5 replies on ““DC Madam” Deborah Jeane Palfrey found dead”

  1. A sad case of many lives ruined on every side with no benefits for anyone.

    What a waste. As I said at the time, this sort of tabloid focus does no one any good. What should matter to employers is how well people do their jobs, not what happens in their private lives.

    Politicians are our employees. We’ve no more right to spy on their private lives as your employer does on yours. If they’re doing their job well, passing the right laws and voting against the wrong ones, who gains by forcing them to resign and replacing them with people who don’t?

    There are critical issues facing this country right now. Maybe we should consider focusing on them rather than driving people to suicide for private indiscretions.

  2. I think the point here is that at least some of the individuals outed by Palfrey’s list were the very same politicians who railed about “family values” – and supported precisely the same sort of draconian laws that spurred to this whole tragic case.

    So yeah, I’m perfectly willing to give the politicians a pass – as long as everyone else involved gets a pass too. Among the many injustices of this case was the vast discrepancy in consequences suffered by participants on different sides of the same activity.

  3. Well at least 3 of 4 agree that it’s time to retire it, I guess. I of the opinion that it should stay up for a bit longer.

    I also agree with Kevin’s post.

    I think analogizing politicians to employees is flawed because employees don’t pass rules their bosses must then abide by. Politicians on the other hand pass laws that the rest of us must follow. Many of these laws try to control what we do in our private lives (like sodomy laws). If a politician tries to impose his morality (as Kevin said) onto the rest of us by legislating and then in is guilty of violating that morality himself then s/he is more than fair game.

    “If they’re doing their job well, passing the right laws and voting against the wrong ones, who gains by forcing them to resign and replacing them with people who don’t?”

    That rhetorical question has too many assumptions (for one that there’s such a politician that passes the right laws and votes against the wrong ones) and for another that whomever replaces him wouldn’t do the same. The point is not to expose politicians for the sake of exposing but to expose hypocritic ones.

    “There are critical issues facing this country right now.”

    Agreed

    “Maybe we should consider focusing on them rather than driving people to suicide for private indiscretions.”

    I don’t think the DC Madam killed her self for “private indiscretions” but rather for a rather public travesty the DOJ perpetrated on her. There has not been one instance of a suicide of a former client as far as we know.

  4. If a politician is passing morality laws because the people who voted for him want him to, then if he doesn’t agree with them himself, he’s still doing his job. No one agrees with everything their employers want them to do.

    The fault here isn’t hypocritical politicians, it’s people who require them to be so to be elected.

    Of course the existence of the DC Phone list gives no one a pass. It doesn’t differentiate between those politicians who “impose their morality” on people and those who do not. It doesn’t differentiate from executives or anyone who’s private lives this could ruin.

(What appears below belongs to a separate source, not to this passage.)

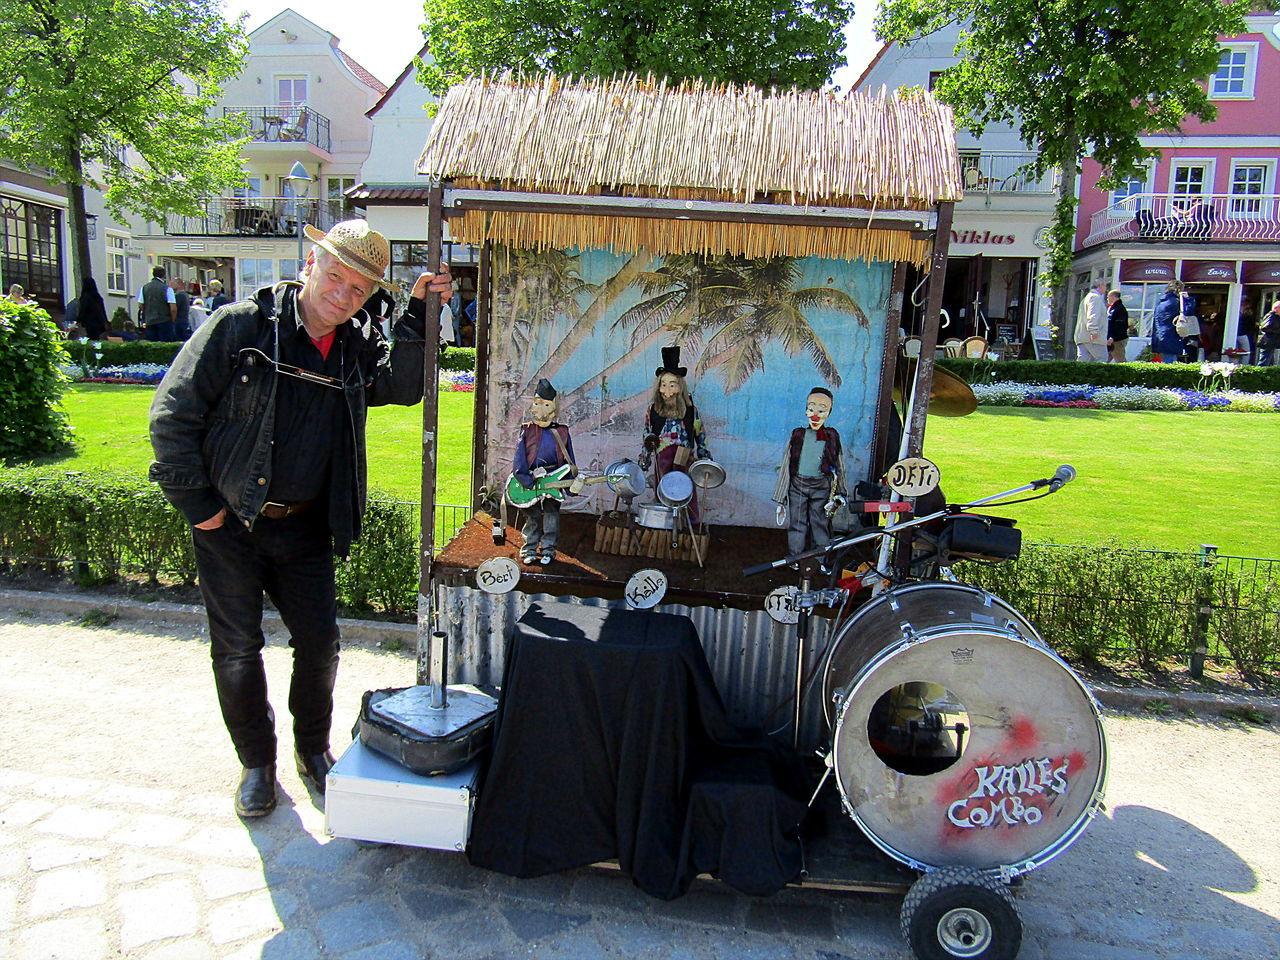 Gestern In Warnemünde--Rostock One Person Outdoors Real People Strassenmusiker-lässt Die Puppen Tanzen-- Street Musician Makes The Dolls Dance
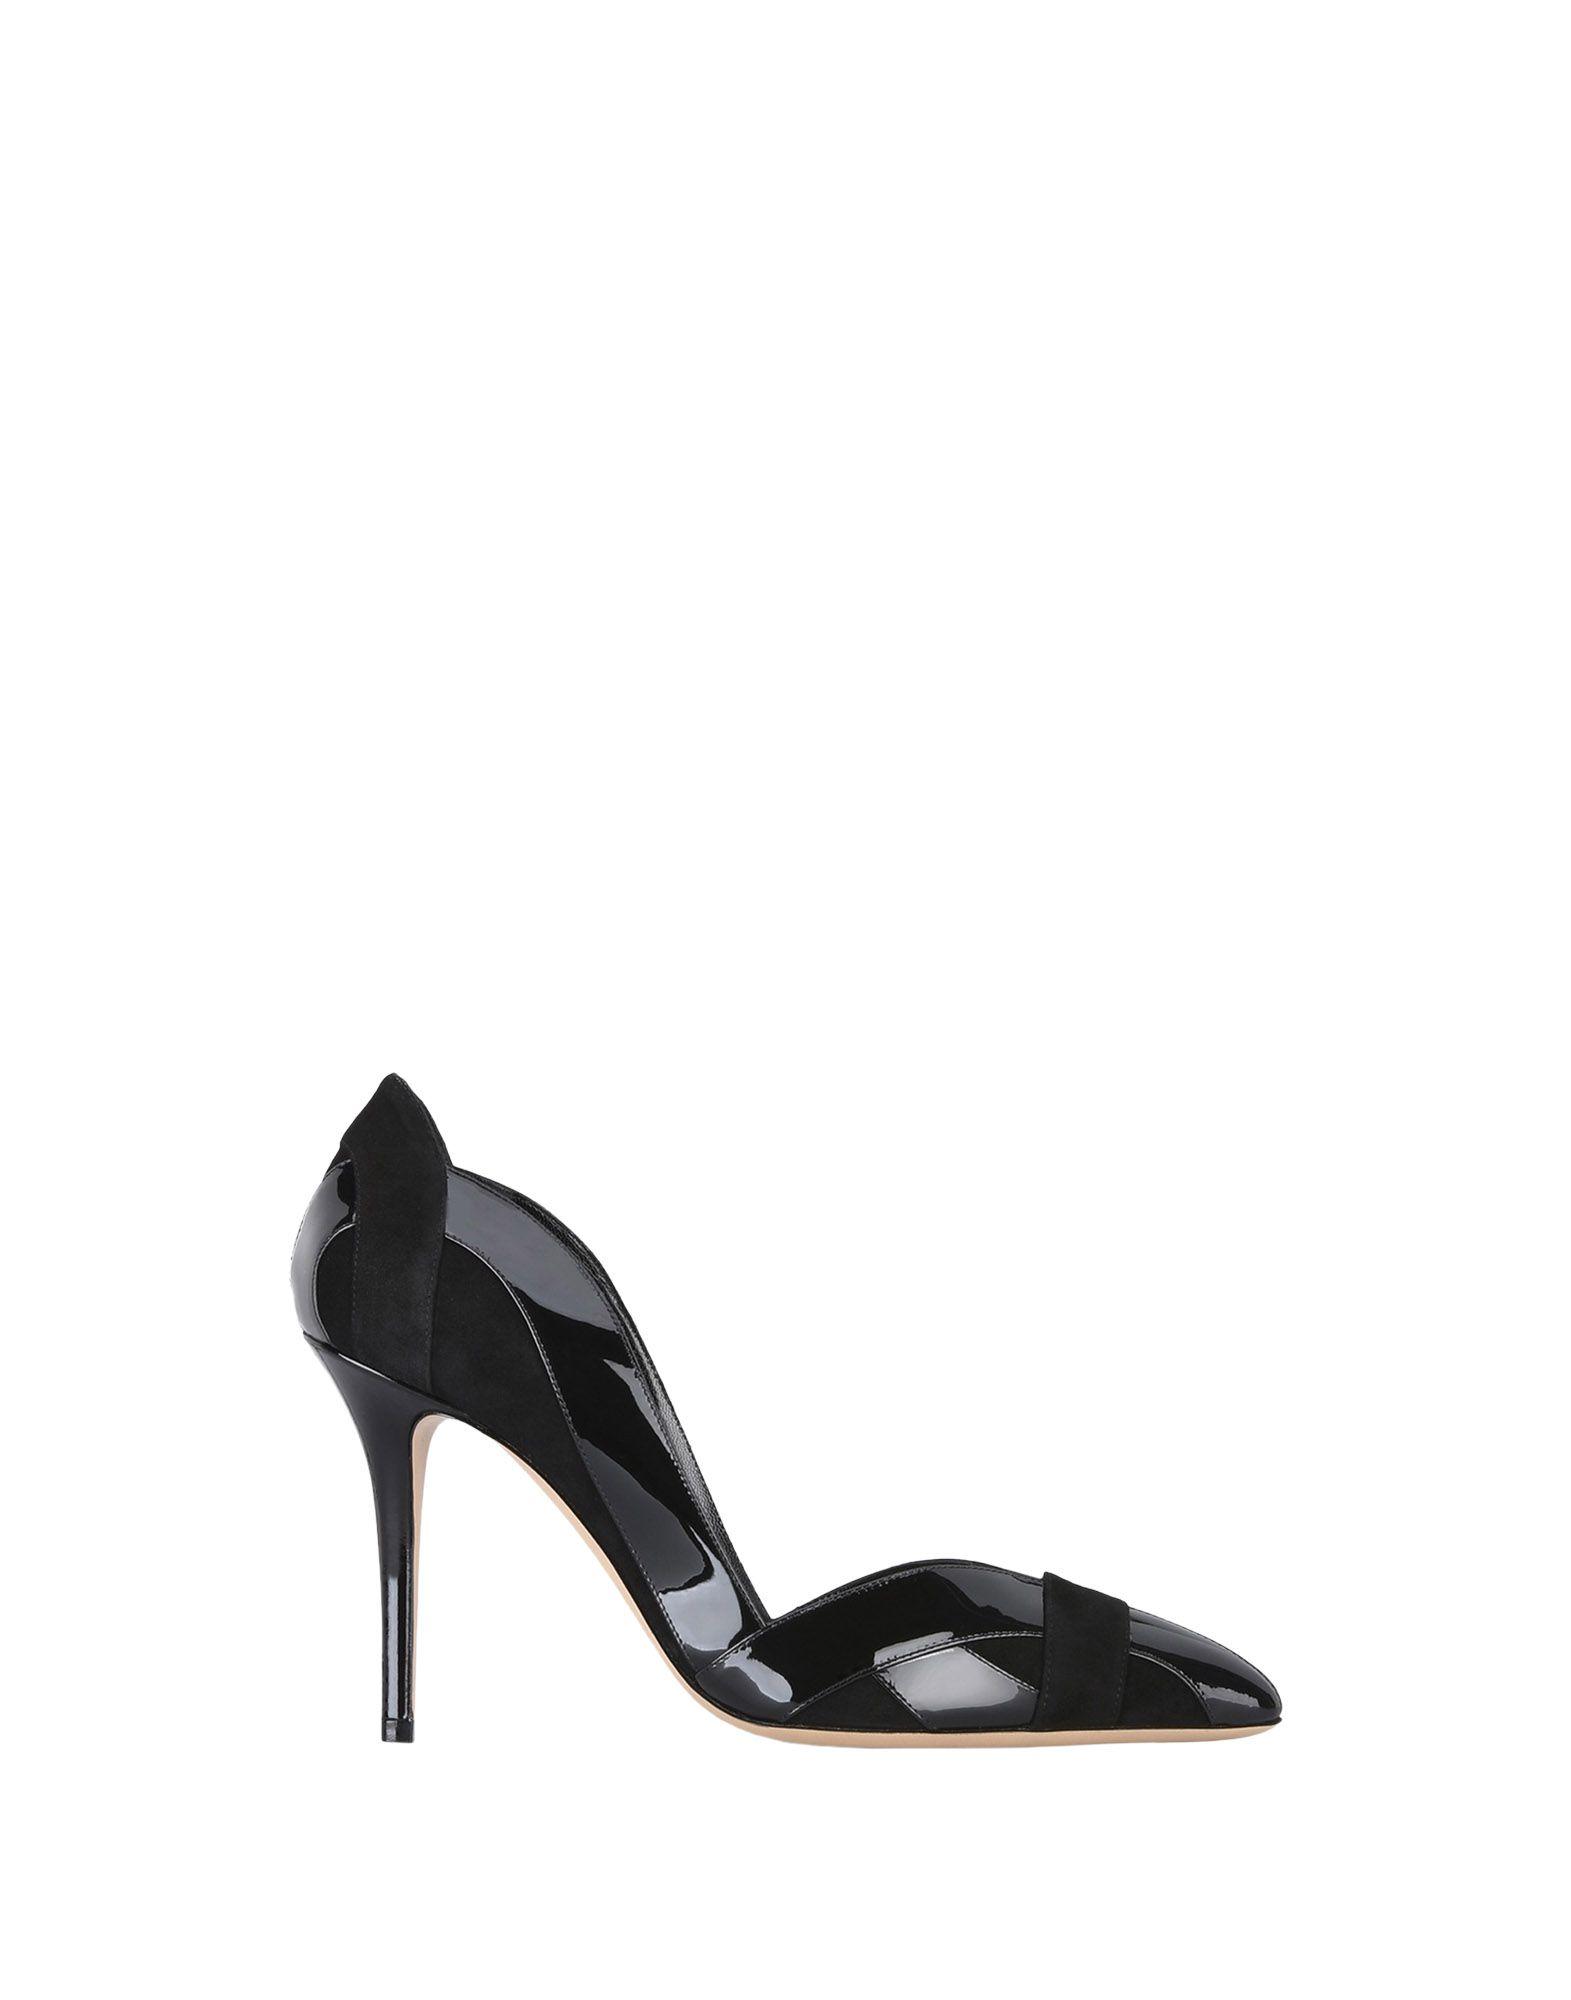 Rabatt Schuhe Schuhe Rabatt Giorgio Armani Pumps Damen  11443570XT b9ecfb

  5. “If a politician is passing morality laws because the people who voted for him want him to, then if he doesn’t agree with them himself, he’s still doing his job. No one agrees with everything their employers want them to do.”

    Well, that’s the next addendum to “Profiles In Courage” right there.

    Not to deny the culpability of “the public”, as it were, but public officials choose not just how to vote on this issue or that, but also priorities, the precise content of the laws, and the tenor of the public statements they make. It trivializes the responsibility of leadership to say that essentially no politician can ever be expected to exercise his or her own judgment, much less restraint in publicly inveighing against a practice that they (in Vitter’s case at least) engage in.

    As far as your other point – that non-public figures are also potential casualties – that’s a fair point. However, the only way that society confronts the injustice of the system is when that injustice isn’t allowed to be just swept under the rug by punishing only the people that society finds, for lack of a better word, “icky” (despite *their* privacy rights being just as valid as those of the clients).

    Or, to put it another way – is it fair that the providers serve jail time, but the clients aren’t even publicly embarrassed, much less prosecuted? And if not, how would you suggest the situation be rectified?